_Task to carry out_.
Keeping every character in place, output all the data.

*** Data shown Section Begins ***

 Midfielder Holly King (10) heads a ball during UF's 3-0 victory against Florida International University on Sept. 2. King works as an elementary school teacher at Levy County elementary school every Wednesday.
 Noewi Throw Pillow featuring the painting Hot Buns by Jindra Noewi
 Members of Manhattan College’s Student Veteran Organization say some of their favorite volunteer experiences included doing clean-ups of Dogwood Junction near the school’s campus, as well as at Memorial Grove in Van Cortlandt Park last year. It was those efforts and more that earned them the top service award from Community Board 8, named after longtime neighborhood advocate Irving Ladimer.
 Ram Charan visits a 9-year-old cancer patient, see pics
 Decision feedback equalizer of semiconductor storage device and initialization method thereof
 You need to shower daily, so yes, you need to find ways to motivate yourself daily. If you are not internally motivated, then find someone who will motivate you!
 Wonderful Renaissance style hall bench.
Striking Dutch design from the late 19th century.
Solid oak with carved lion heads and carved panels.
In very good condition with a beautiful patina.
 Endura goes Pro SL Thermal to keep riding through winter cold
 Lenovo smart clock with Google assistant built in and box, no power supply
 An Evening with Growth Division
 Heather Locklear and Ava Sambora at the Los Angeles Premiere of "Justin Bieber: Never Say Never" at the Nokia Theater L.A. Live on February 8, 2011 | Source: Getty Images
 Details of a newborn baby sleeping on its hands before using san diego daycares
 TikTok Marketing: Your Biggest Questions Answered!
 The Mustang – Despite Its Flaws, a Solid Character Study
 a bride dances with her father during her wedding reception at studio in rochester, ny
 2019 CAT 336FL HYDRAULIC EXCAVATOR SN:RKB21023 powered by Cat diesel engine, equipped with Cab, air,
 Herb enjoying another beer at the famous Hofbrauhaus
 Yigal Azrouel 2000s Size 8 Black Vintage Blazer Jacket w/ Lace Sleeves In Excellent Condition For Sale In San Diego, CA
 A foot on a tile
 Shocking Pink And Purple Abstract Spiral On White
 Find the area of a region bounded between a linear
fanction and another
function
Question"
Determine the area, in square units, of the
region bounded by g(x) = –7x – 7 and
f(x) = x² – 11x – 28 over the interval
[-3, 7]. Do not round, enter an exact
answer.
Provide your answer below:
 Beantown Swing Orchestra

*** Data shown Section Ends ***

_Solution below_.
 Midfielder Holly King (10) heads a ball during UF's 3-0 victory against Florida International University on Sept. 2. King works as an elementary school teacher at Levy County elementary school every Wednesday.
 Noewi Throw Pillow featuring the painting Hot Buns by Jindra Noewi
 Members of Manhattan College’s Student Veteran Organization say some of their favorite volunteer experiences included doing clean-ups of Dogwood Junction near the school’s campus, as well as at Memorial Grove in Van Cortlandt Park last year. It was those efforts and more that earned them the top service award from Community Board 8, named after longtime neighborhood advocate Irving Ladimer.
 Ram Charan visits a 9-year-old cancer patient, see pics
 Decision feedback equalizer of semiconductor storage device and initialization method thereof
 You need to shower daily, so yes, you need to find ways to motivate yourself daily. If you are not internally motivated, then find someone who will motivate you!
 Wonderful Renaissance style hall bench.
Striking Dutch design from the late 19th century.
Solid oak with carved lion heads and carved panels.
In very good condition with a beautiful patina.
 Endura goes Pro SL Thermal to keep riding through winter cold
 Lenovo smart clock with Google assistant built in and box, no power supply
 An Evening with Growth Division
 Heather Locklear and Ava Sambora at the Los Angeles Premiere of "Justin Bieber: Never Say Never" at the Nokia Theater L.A. Live on February 8, 2011 | Source: Getty Images
 Details of a newborn baby sleeping on its hands before using san diego daycares
 TikTok Marketing: Your Biggest Questions Answered!
 The Mustang – Despite Its Flaws, a Solid Character Study
 a bride dances with her father during her wedding reception at studio in rochester, ny
 2019 CAT 336FL HYDRAULIC EXCAVATOR SN:RKB21023 powered by Cat diesel engine, equipped with Cab, air,
 Herb enjoying another beer at the famous Hofbrauhaus
 Yigal Azrouel 2000s Size 8 Black Vintage Blazer Jacket w/ Lace Sleeves In Excellent Condition For Sale In San Diego, CA
 A foot on a tile
 Shocking Pink And Purple Abstract Spiral On White
 Find the area of a region bounded between a linear
fanction and another
function
Question"
Determine the area, in square units, of the
region bounded by g(x) = –7x – 7 and
f(x) = x² – 11x – 28 over the interval
[-3, 7]. Do not round, enter an exact
answer.
Provide your answer below:
 Beantown Swing Orchestra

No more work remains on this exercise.